God granted all the things I've prayed for last year so I'm so excited with my prayer requests for this year. I'm also looking forward to many good news-es...haha for me, for the people I love, and for our country. One of my favorite bloggers, Patty Laurel, also got engaged at New Year's Eve and I'm so happy for her because I somehow felt and prayed for her when times were tough in her life early last year. The new tourism slogan 'It's more fun in the Philippines' is very promising and I pray that even with the calamities that recently hit our country, we would all continue to hope and work for the best for ourselves, for our fellowmen, and for our beloved Philippines.

I'll be writing and keeping my faith goals so I could look at them when the year ends. And no, I'm not ready to add true love on the list just yet..haha.. My prayer is still for God to prepare me and my life partner (whoever he is) for each other; anyway, I'm confident that when it's time, God will also put a yearning in my heart to be with him. In the meantime, I'll continue to focus on knowing and becoming a better version of myself each day for His greater glory. My 2012 Resolves include reading the Bible (completely, unfragmented) for the year, recording lessons I've learned in a journal, becoming a better nurse through continuous study and practice, learning more recipes and becoming a better cook and homemaker, managing my finances way better than I did last year, keeping in touch with old friends and becoming more open for new friends by sharing more of myself and being less cliquish...haha, participating more in my cell group, stepping up in my service of the Lord and in my leading worship in church, practicing to be an effective and inspiring disciple-maker, and being more of all the good stuff (patient, loving, understanding, selfless, etc.)
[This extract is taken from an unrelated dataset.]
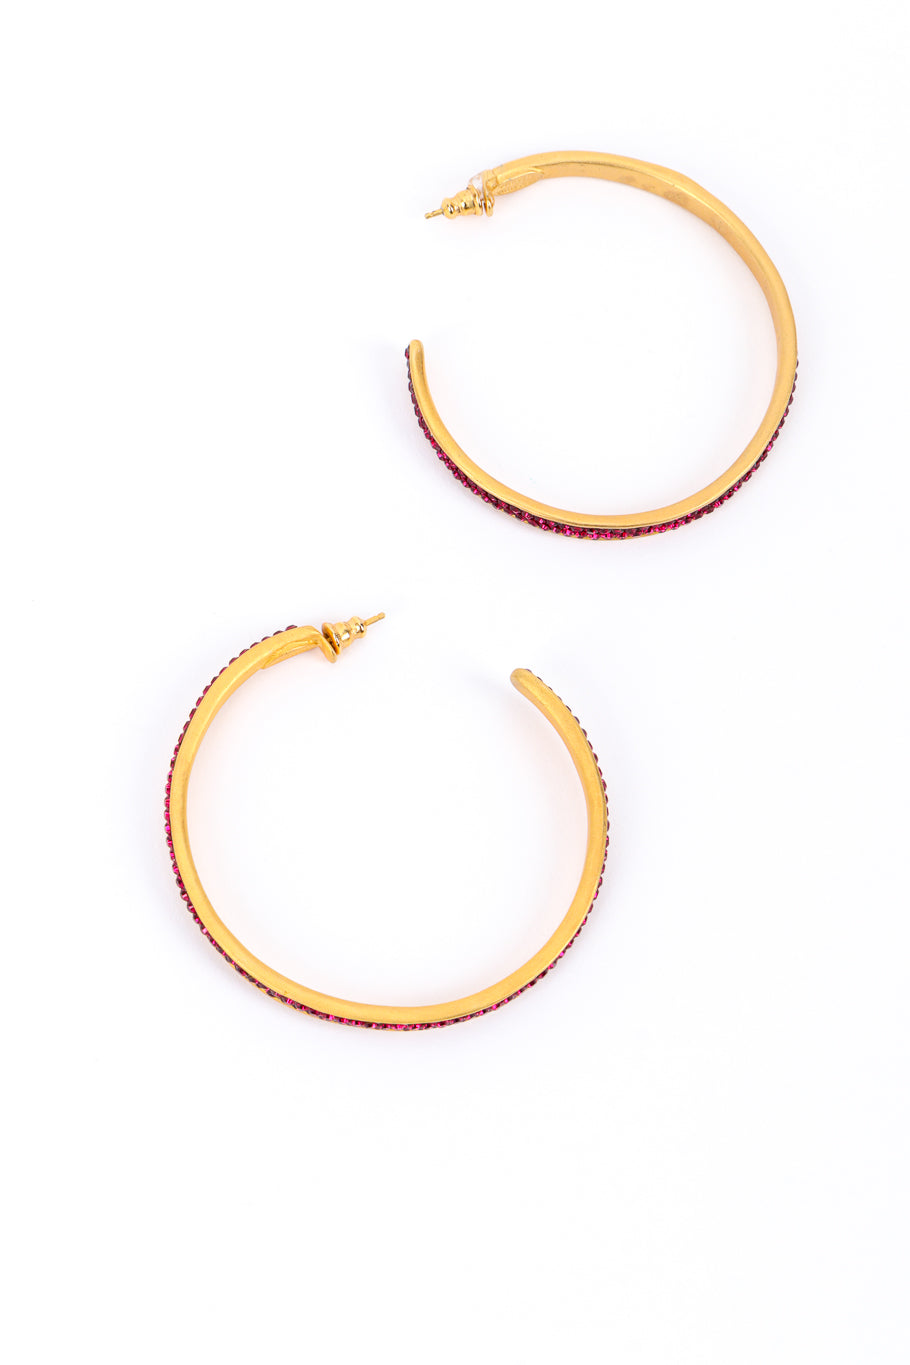 Rhinestone Hoop Earrings by Deanna Hamro sides @recessla
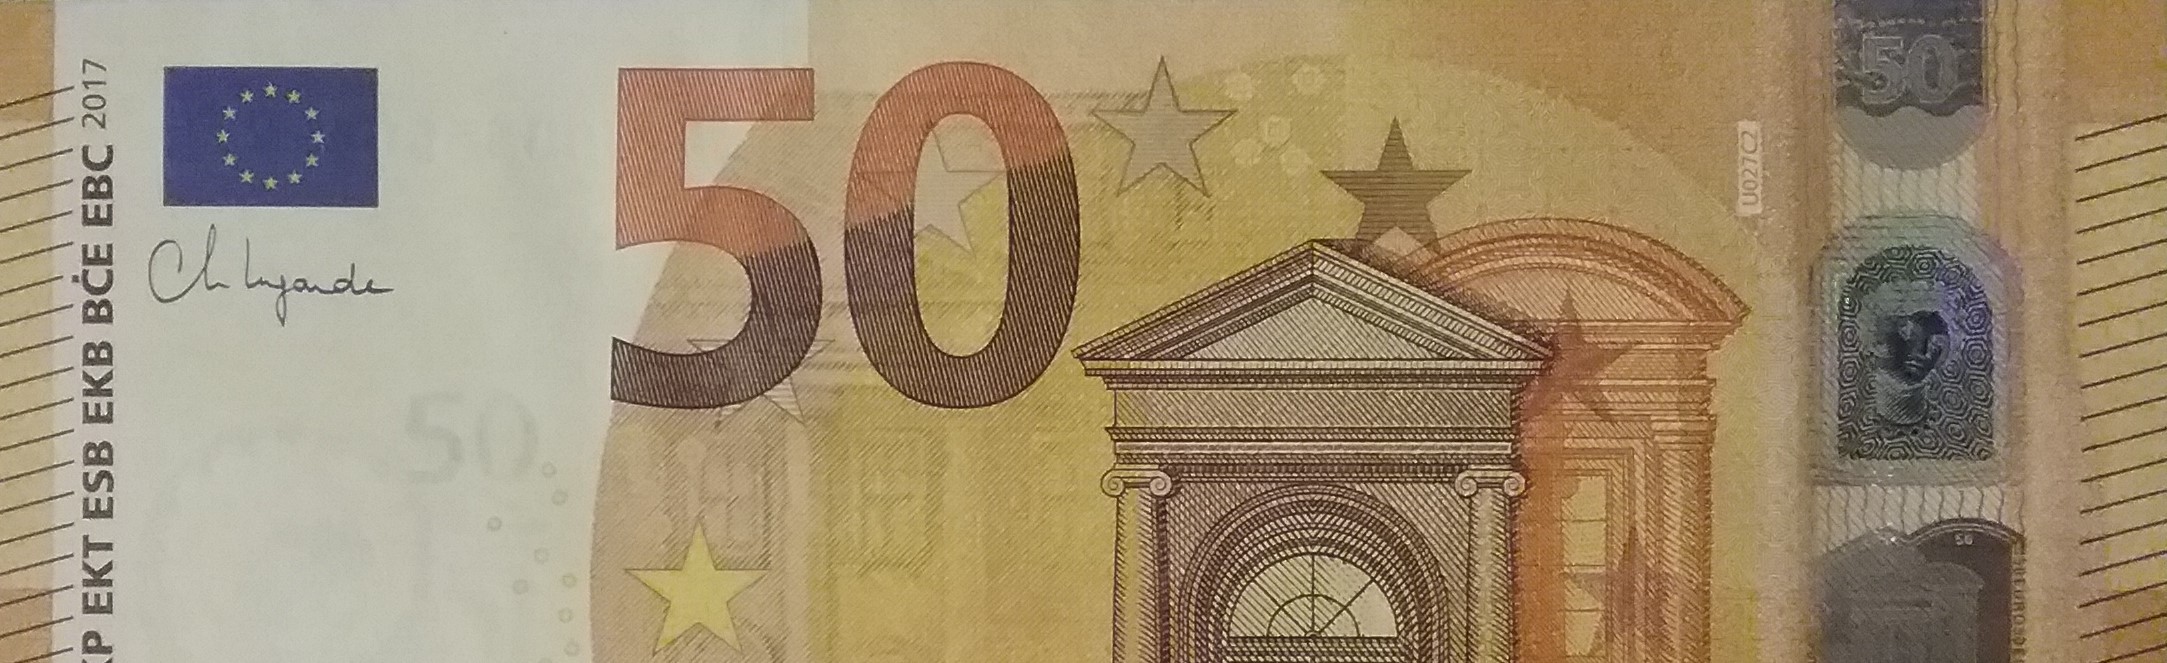 50 U U 027 Draghi - Collection EUROPE

Father God I thank you for all the blessings you have, and continue to pour out in my life and my family. You know me better than anybody including myself, and you know all the deepest desires of my heart. I just lift them all up to you and entrust my life, this year, and the years to come in your loving hands that have guided and brought me to where I am now. At the core of all my desires and aspirations, may I always find you, drawing strength, courage, and guidance in my life's purpose which is to honor you in everything I do. Again, my life is yours. Though I know there would still be times (very rare times I hope) that I would want to take the wheel from you; always, remind me of this covenant, of your great saving love, and help me find my way back. Let your will be done in all the many days to come in my life, and may the love and gladness that comes from You fill my heart in great proportions at all times that I may also share it with others.

And I while I remain to be a work in progress, let your PERFECT LOVE continue to drive out all my fears.

I love you very much! And it's my honor, joy, and delight to know and serve You!